* What the exercise asks
All of the data below should be repeated exactly. Pictures should not be included.

* Data segment
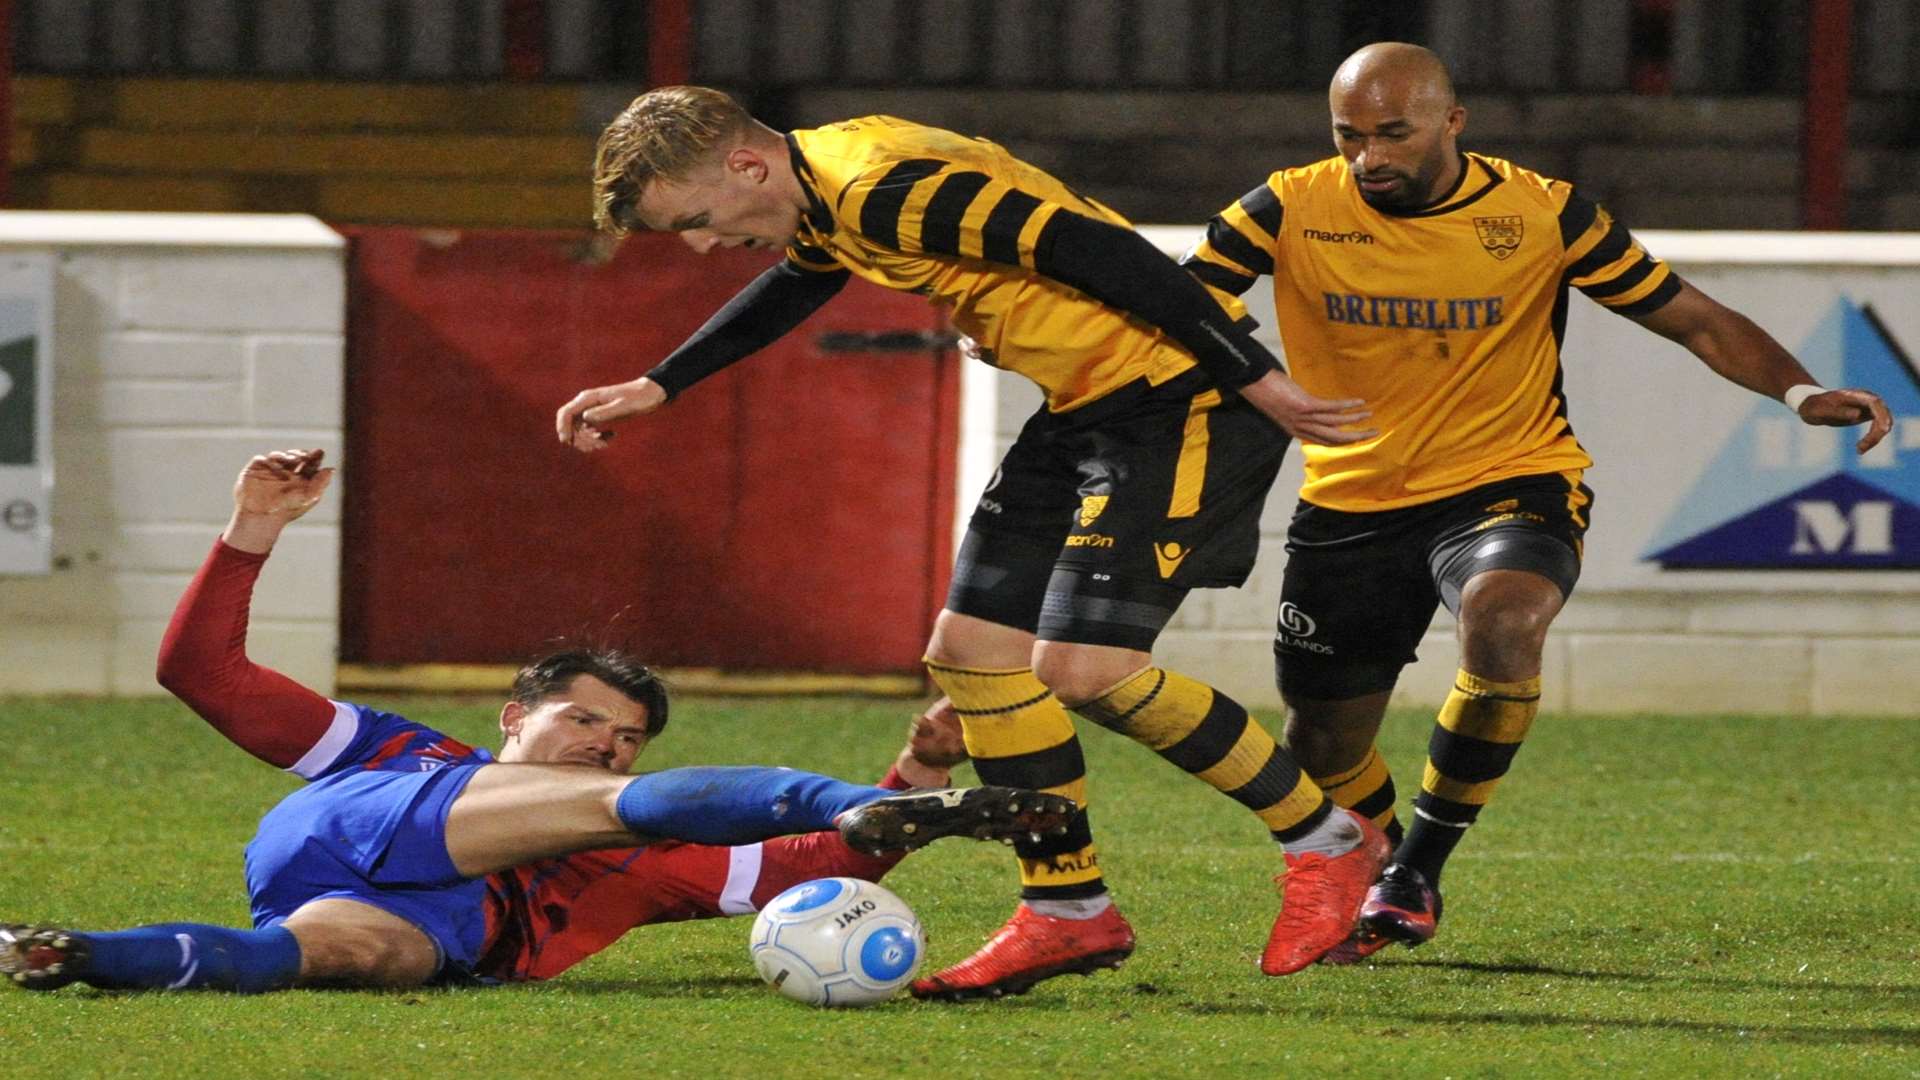 Joe Pigott and Delano Sam-Yorke defend from the front Picture: Steve Terrell
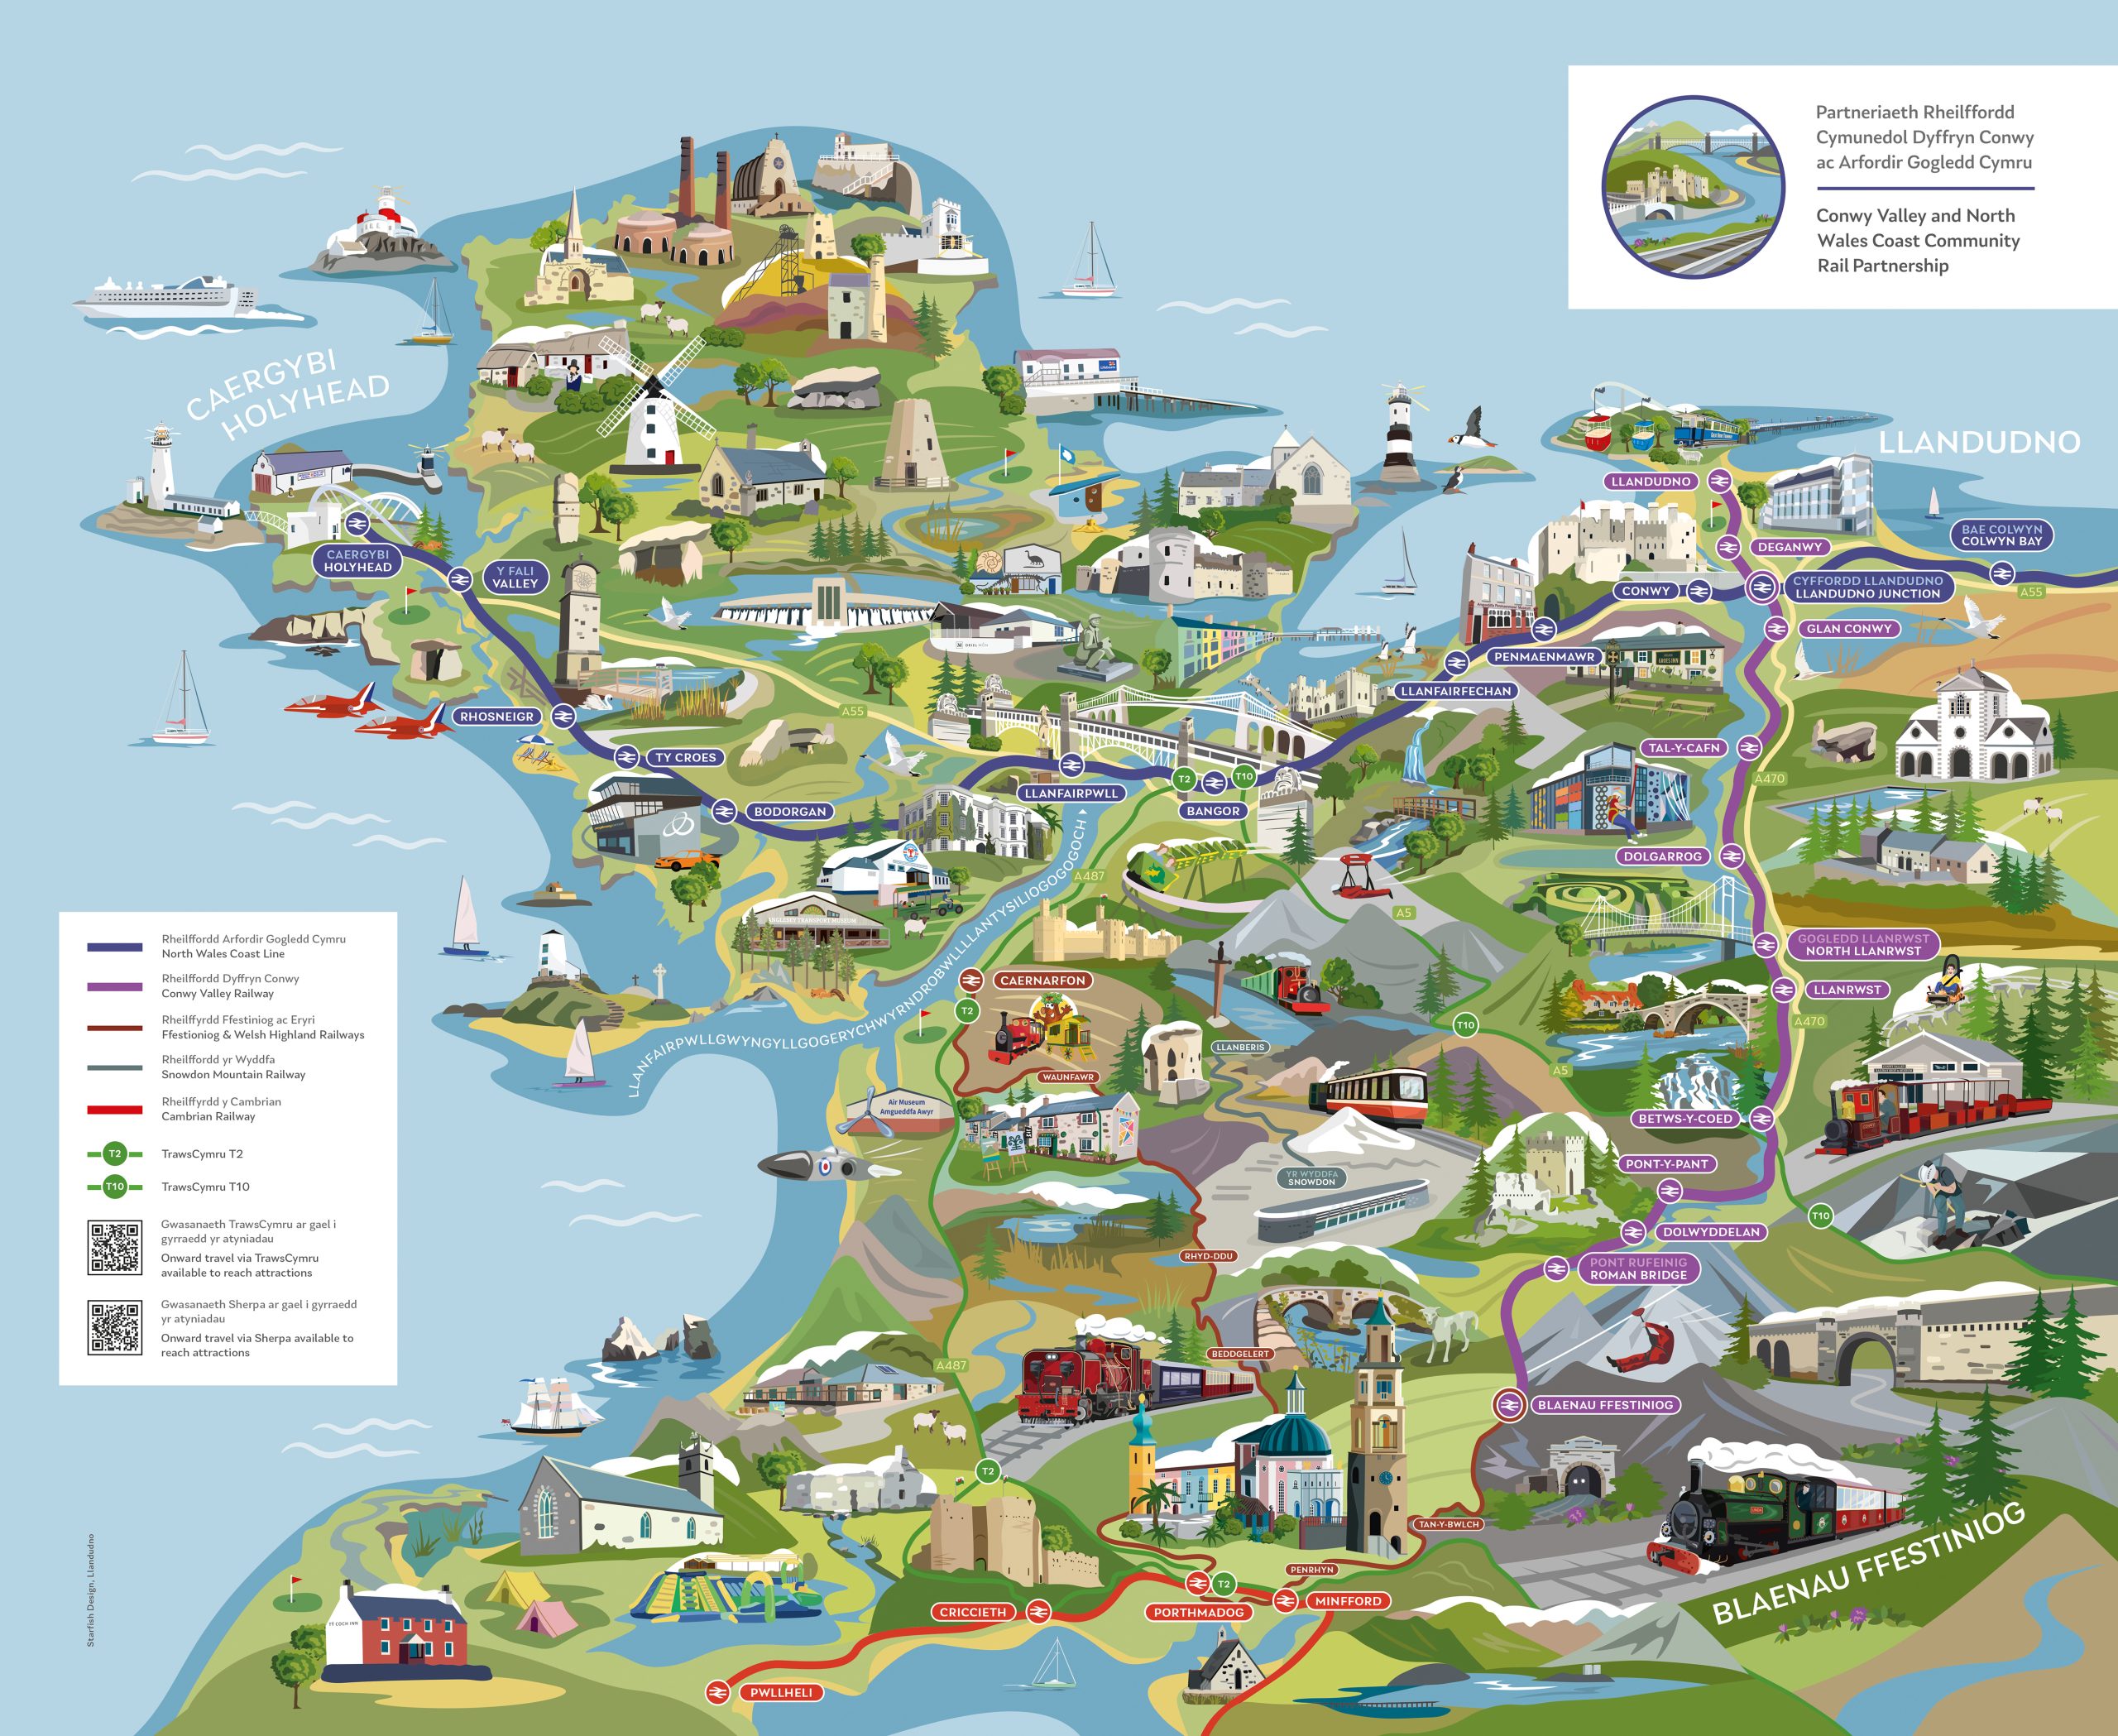 Colourful map with lots of illustrations depicting attractions along the Conwy Valley and North West Wales Coast Line
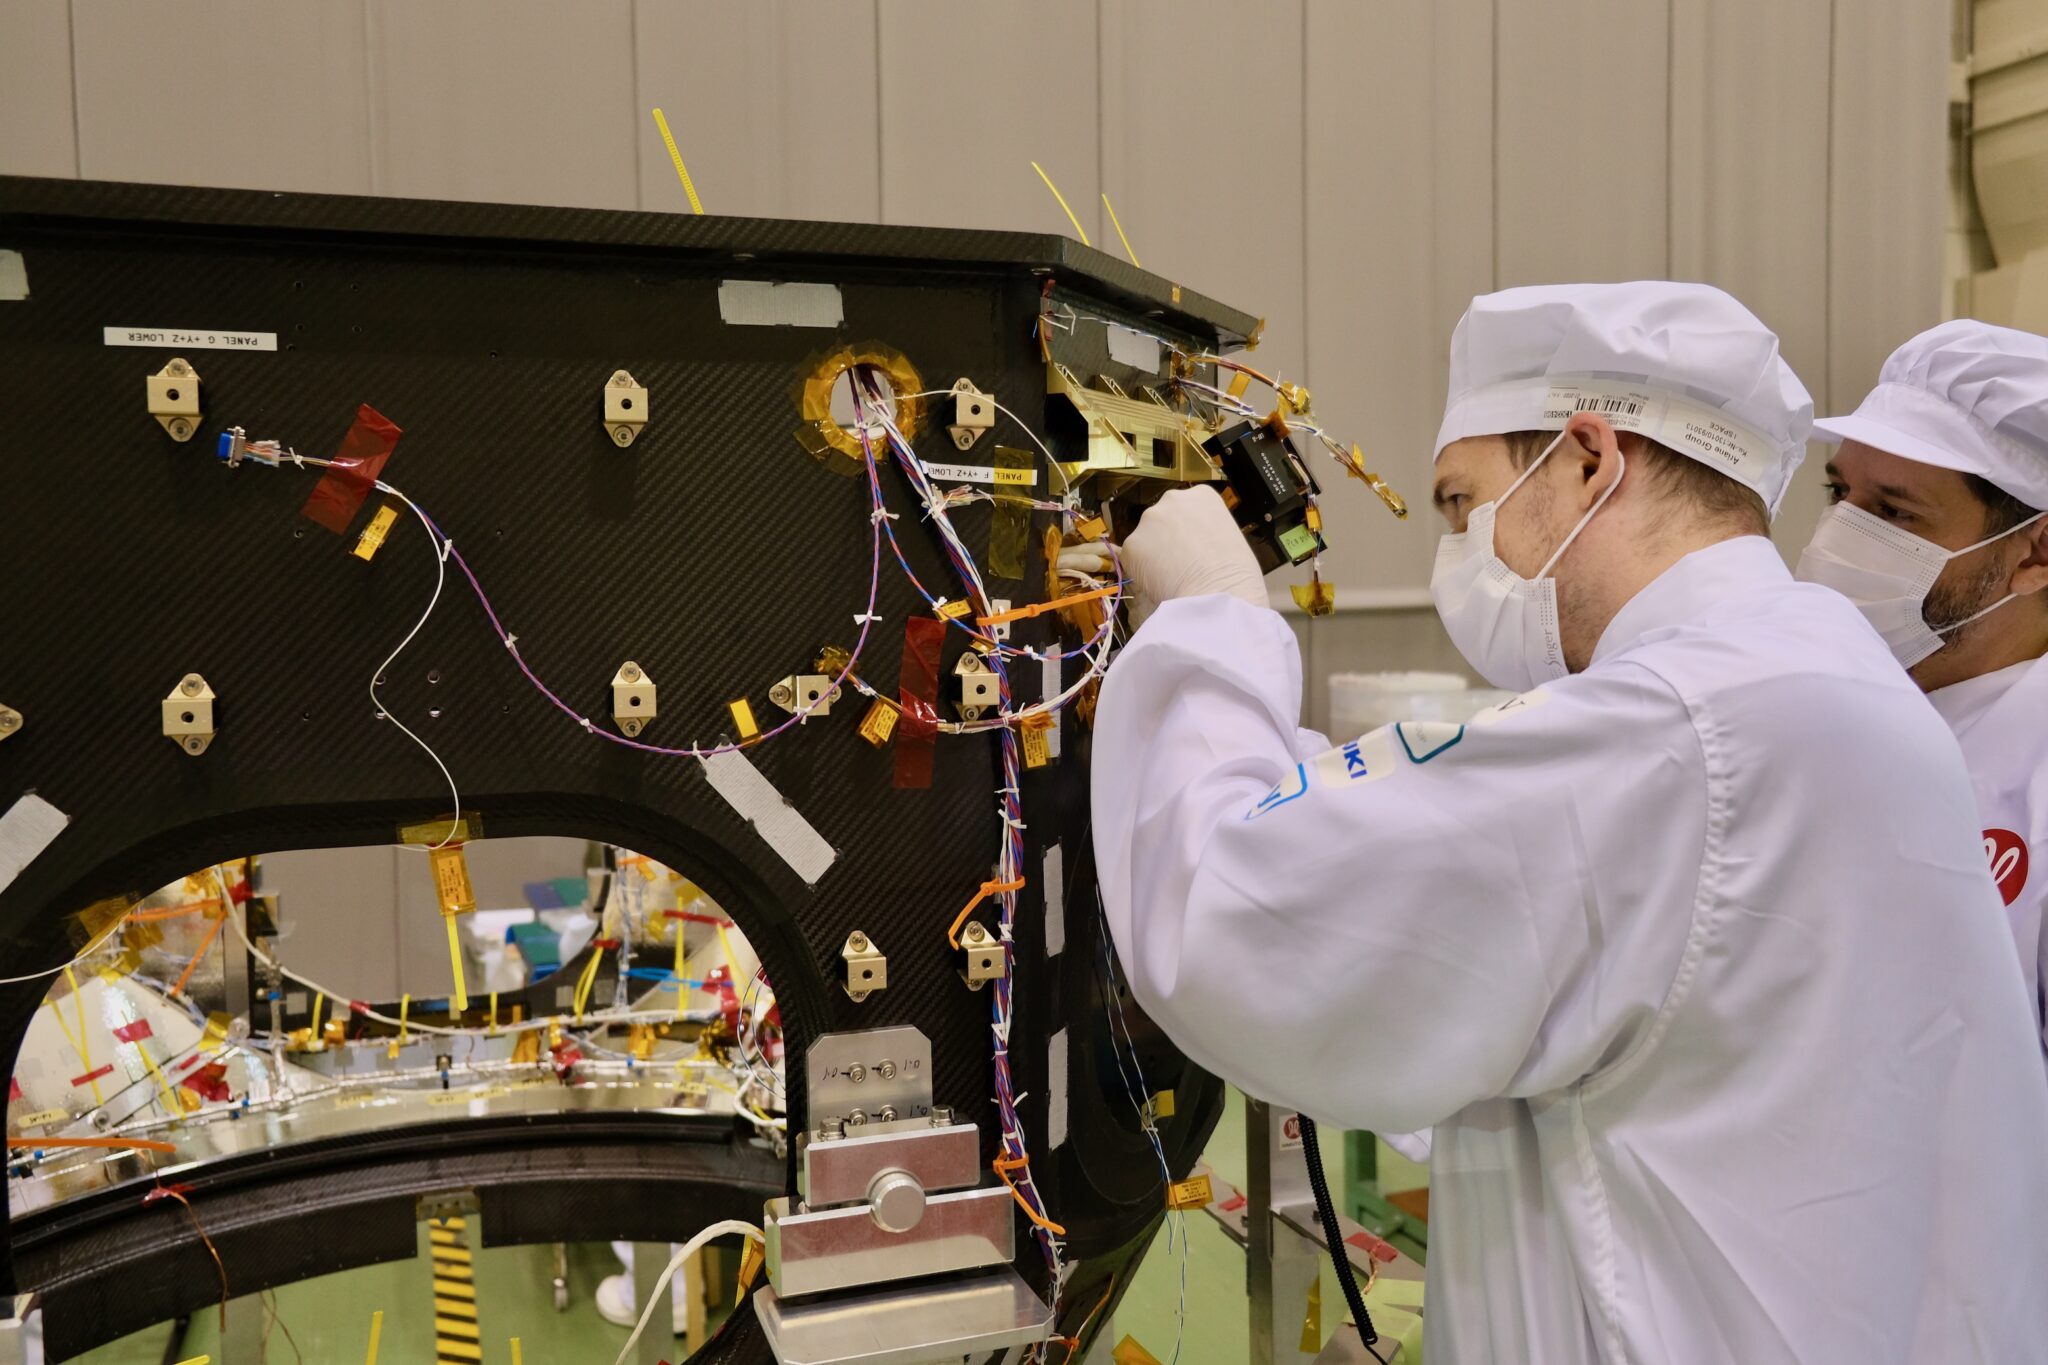 Japanese Company ispace Readies for Lunar Communications System as Part of NASA’s CLPS Mission

* Response for this exercise
 Joe Pigott and Delano Sam-Yorke defend from the front Picture: Steve Terrell
 Colourful map with lots of illustrations depicting attractions along the Conwy Valley and North West Wales Coast Line
 Japanese Company ispace Readies for Lunar Communications System as Part of NASA’s CLPS Mission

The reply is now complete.